Wired (ht Jason Morehead) recently ran a short editorial about the geometric rate at which our ability to comment on products and experiences is increasing. Wired is an odd place to find such an editorial, as it has become notorious for product placement and a comment section that can degenerate pretty quickly. But there are elements of truth to the idea that our daily experiences are increasingly subject to micromanagement by endless data sets of prior review. Our tendency to check out reviews of restaurants online, for example, strips us of the magic of discovery. Rather than looking or finding, we simply show up somewhere that we have been told approximates our tastes.

As the editorial states:

“Our ever more sophisticated arsenal of stars and thumbs will eventually serve to curtail serendipity, adventure, and idiotic floundering. But more immediate is the simple problem of contamination. When the voices of hundreds of strangers, or even just three shrill ones, enter our heads, a tiny but vital part of ourselves is diminished. Suddenly we’re breached, denied the pleasure of articulating our own judgment on this professor, or that meal, or this city. It’s a fundamental bit of humanness to discover, say, the Velvet Underground for the first time—to rifle through that box of records at 13 and to reach an unbiased and wholly personal verdict on those strange sounds. Is it pretty? Ugly? Why are they out of tune?

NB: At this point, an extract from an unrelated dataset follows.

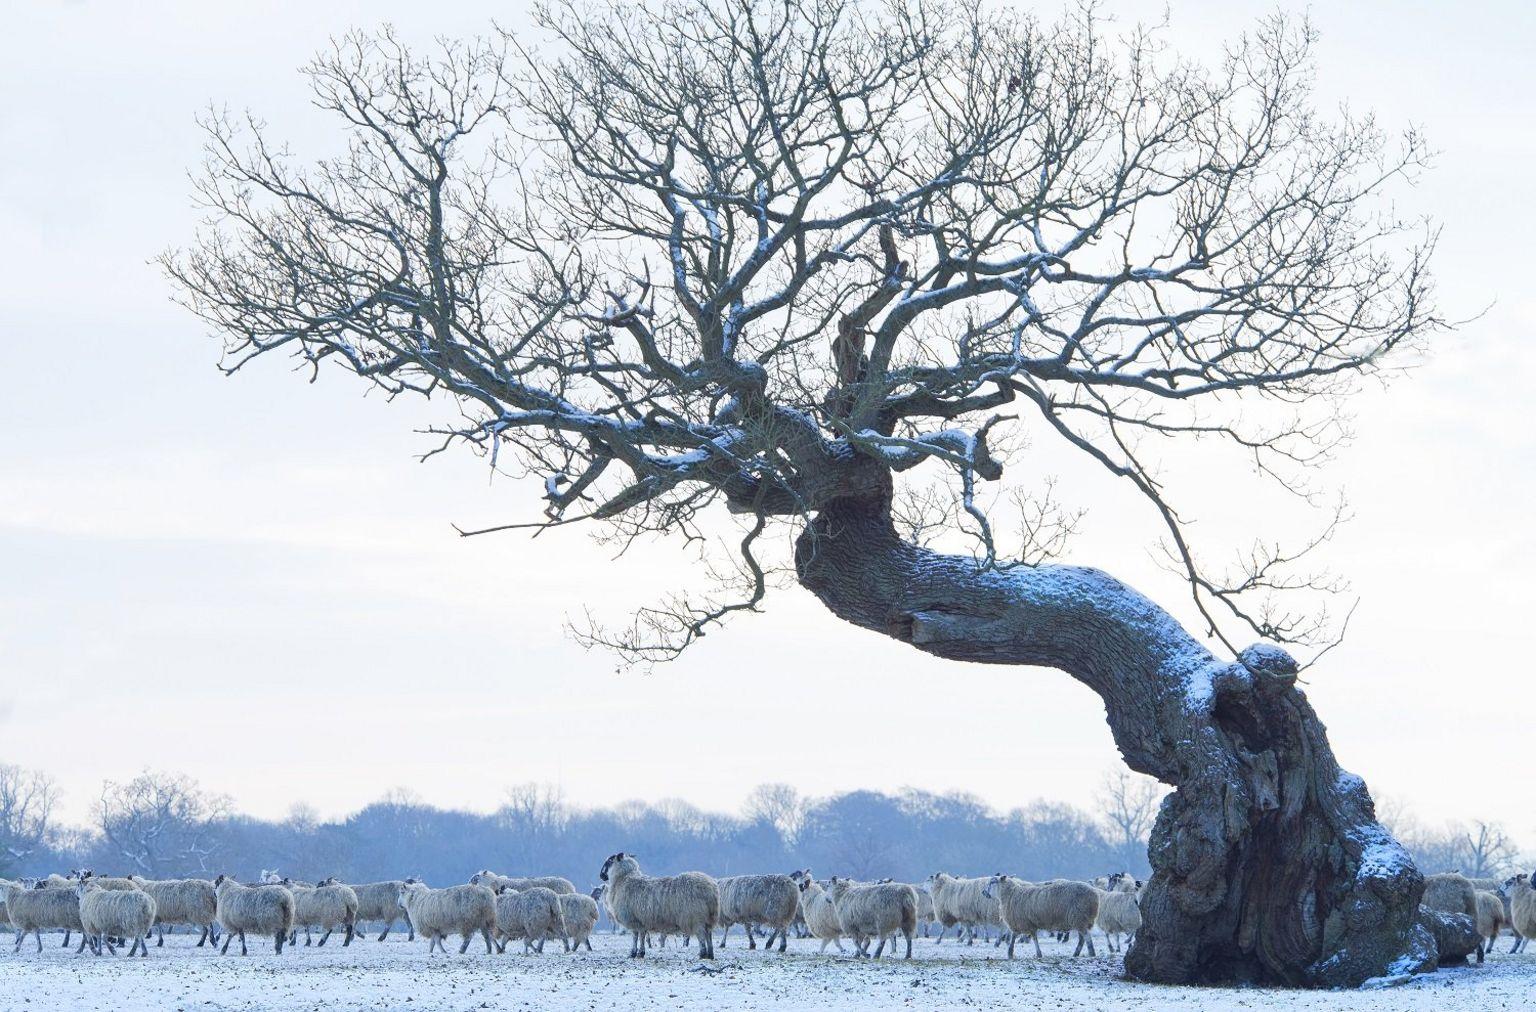 Snowy Sheep at Blenheim Palace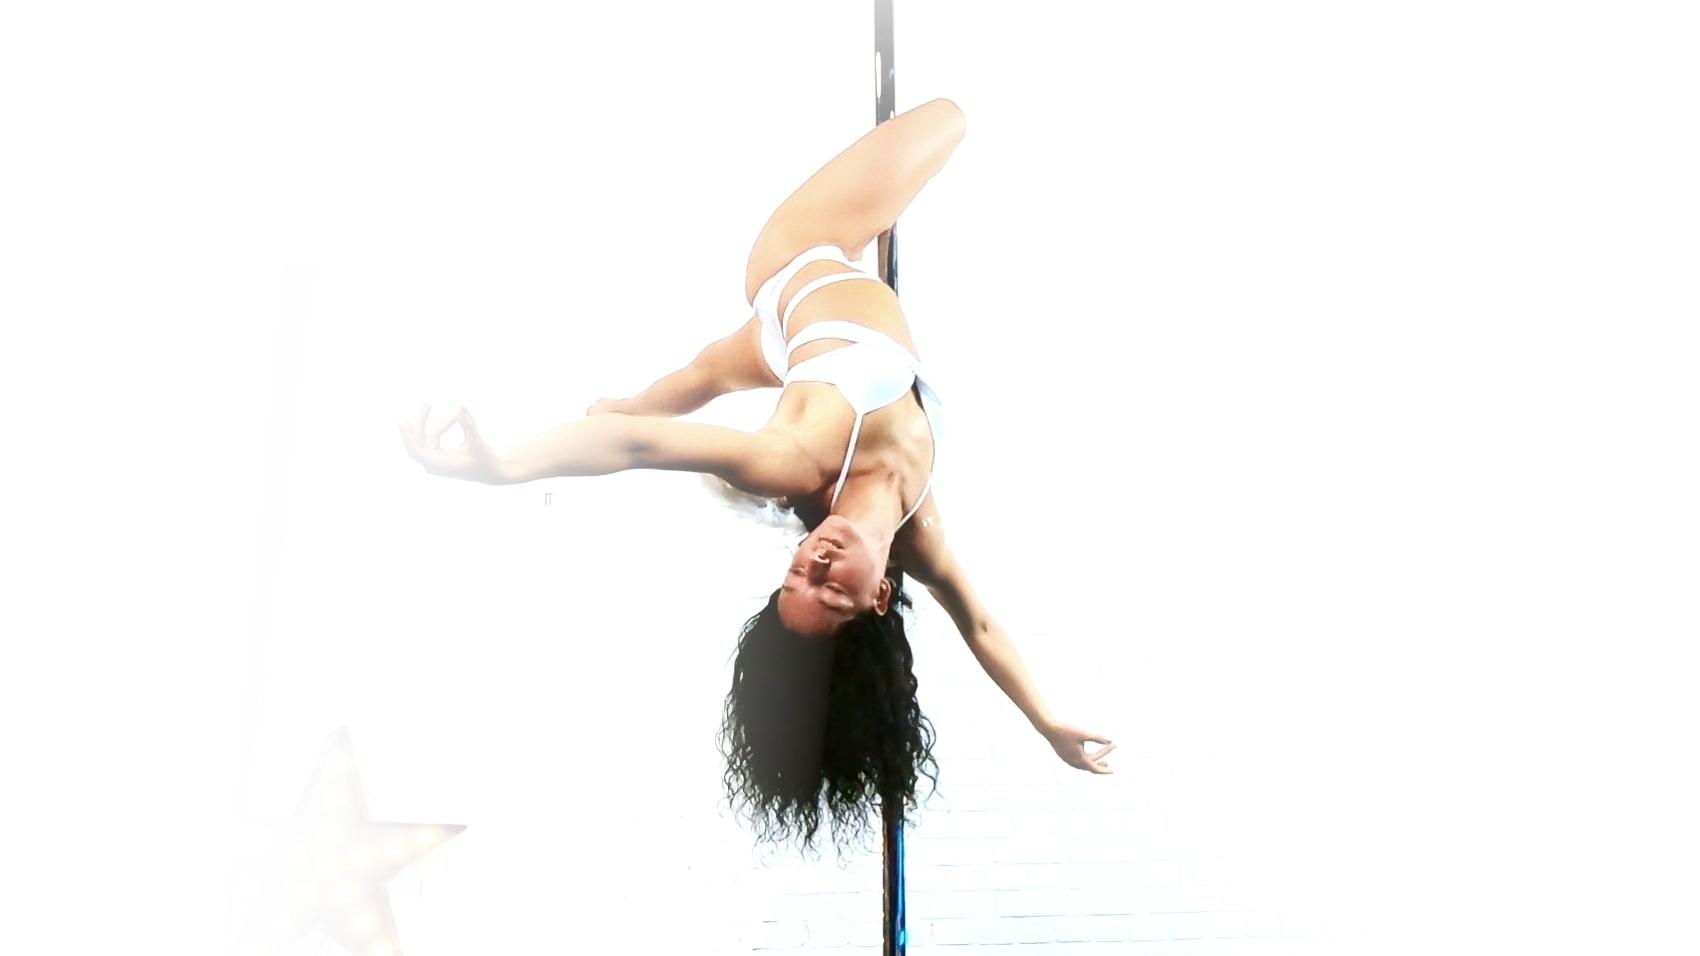 Artistic Pole

There’s an essential freedom in being alone with one’s thoughts, oblivious to and unpolluted by anyone else’s. Diminish that aloneness and we start to doubt our own perspective. Do I really think Blue Bottle coffee is that great? Or Blazing Saddles that funny? Do I really not like that pizza place because it isn’t authentic New York-style? Sure, it’s entirely possible to arrive at one’s own opinion amidst a cacophony of others. But it’s also possible to bend, unknowingly and imperceptibly, toward a position not naturally our own.”

Yet I am hesitant to push this as far as the author. The reality is that all forms of review pose a sort of gamble. On the one hand, we may be spared from mediocrity. On the other, the reviewer may be either incorrect or out of line with our tastes. The fact that anyone can comment on anything these days only raises the stakes of this gamble, as we are subject to a system of review that has no other critical principle but sheer mass. This is akin what Marilynne Robinson referred to as the “tyranny of petty coercion.”

I don’t think our response to this should be to disconnect from the process of criticism and rely on the unpredictable chronology of our own experiences to dictate what is good and what is not. Instead, we need to learn how to distinguish between “petty coercion” and informed judgment. We need to become sensitive to the difference between marketing and commentary. We need to pack our rss feeds with fellow wayfarers, especially those that appear to have travelled a bit more broadly than ourselves. The reality is that good review, good criticism, saves us from the Dunning-Kruger Effect . Simply stated, this is the idea that “We’re not very good at knowing what we don’t know.”

I can’t believe I am going to end on a Pixar note, but Anton Ego said it well:

“…there are times when a critic truly risks something, and that is in the discovery and defense of the new. The world is often unkind to new talent, new creations, the new needs friends.”